Lessons

Week 1: We started out Project WOW by giving them a broad overview of the Civil Rights Era. In the first lesson,  we gave them different events to place on a timeline. They had to get them as close to the right year that they could and then we went over them as a group. They re-wrote these events onto the timeline once they were in the correct spot. Next, we gave them pictures to add to some of the events. Our end result was a large timeline to hang for the open house.

                                           

Week 2: Our main focus of this lesson was on vocabuary. We wanted to students to have an understanding of terms that go along with the civil rights era. Each student wrote out some ideas of what they thought terms meant and used them in a sentence. They were then given index cards and pictures and were to write the words on the card and then paste the picture on the back. We have added to these each week when we learn new vocabulary.

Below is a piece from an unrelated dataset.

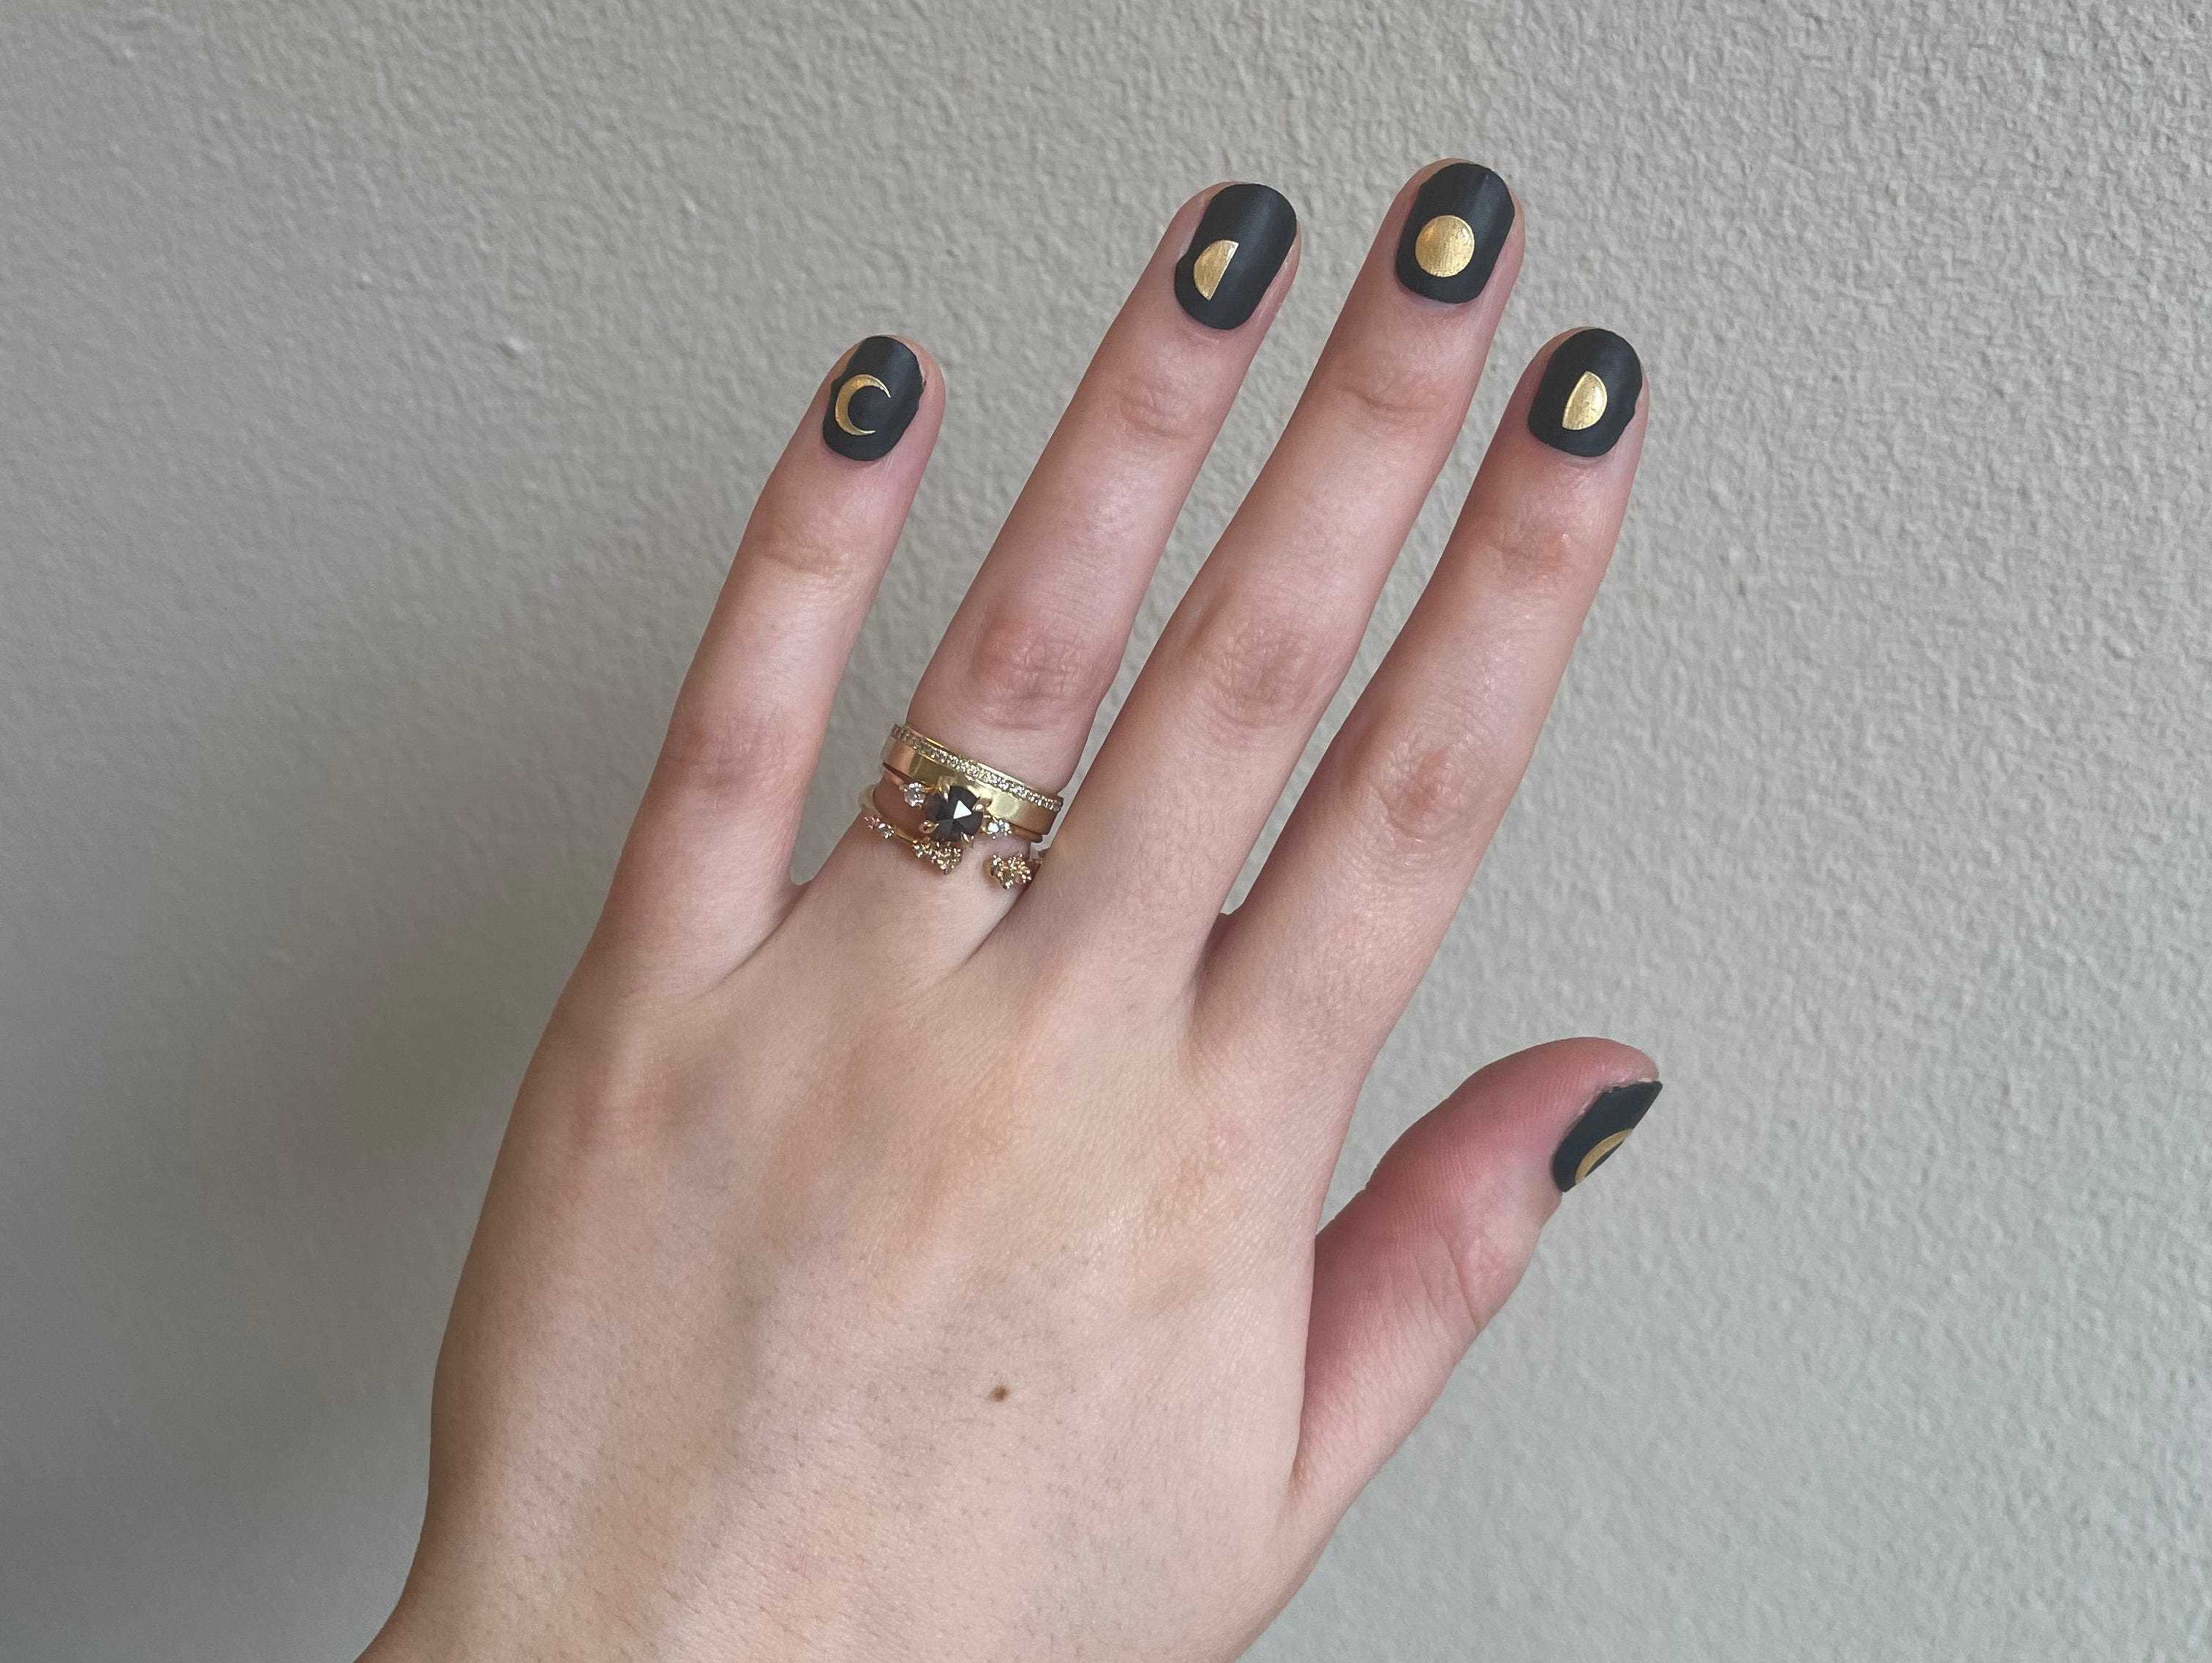 Schwarz-goldene Nagelsticker eines Handmodells von ManiMe, die Mondphasen darstellen.

Week 3: Ida B. Wells was a journalist and protested through her writing. This week the girls had the chance to be a journalist. They, like Ida had to come up with a topic that they felt strongly about. They wrote and illustrated their own newspaper discusssing the topic of their choice.


Week 4: After discussing the different types of protesting, the girls had to come up with another topic to protest. We discussed the differences in issues that were protested during the Civil Rights era and issues being protested today. They chose one of these topics to protest. They made a protest sign and came up with a chant or slogan to go along with it. Once they finished the slogan, they protested this idea for each other.






Week 5: This week we worked on geography. We discussed the different locations that Ida B. Wells lived in. She was born in Mississippi then moved to Tennessee. From there, she moved to Chicago, Illinois. The girls were to find these places on the map and used a compass to help them find the locations. They also located places that they would like to travel to.

Week 6: This was our last week of lessons. This week we tied everything together. The main focus of the lesson was on Civil Right's activists that helped Ida. Ida did not do everything alone, many people stood with her. The girls made a flip chart with facts about important civil right's leaders. They then put pictures of the famous leaders onto popsicle sticks and put them in a piece of styrofoam. This was to represent that they all stood together.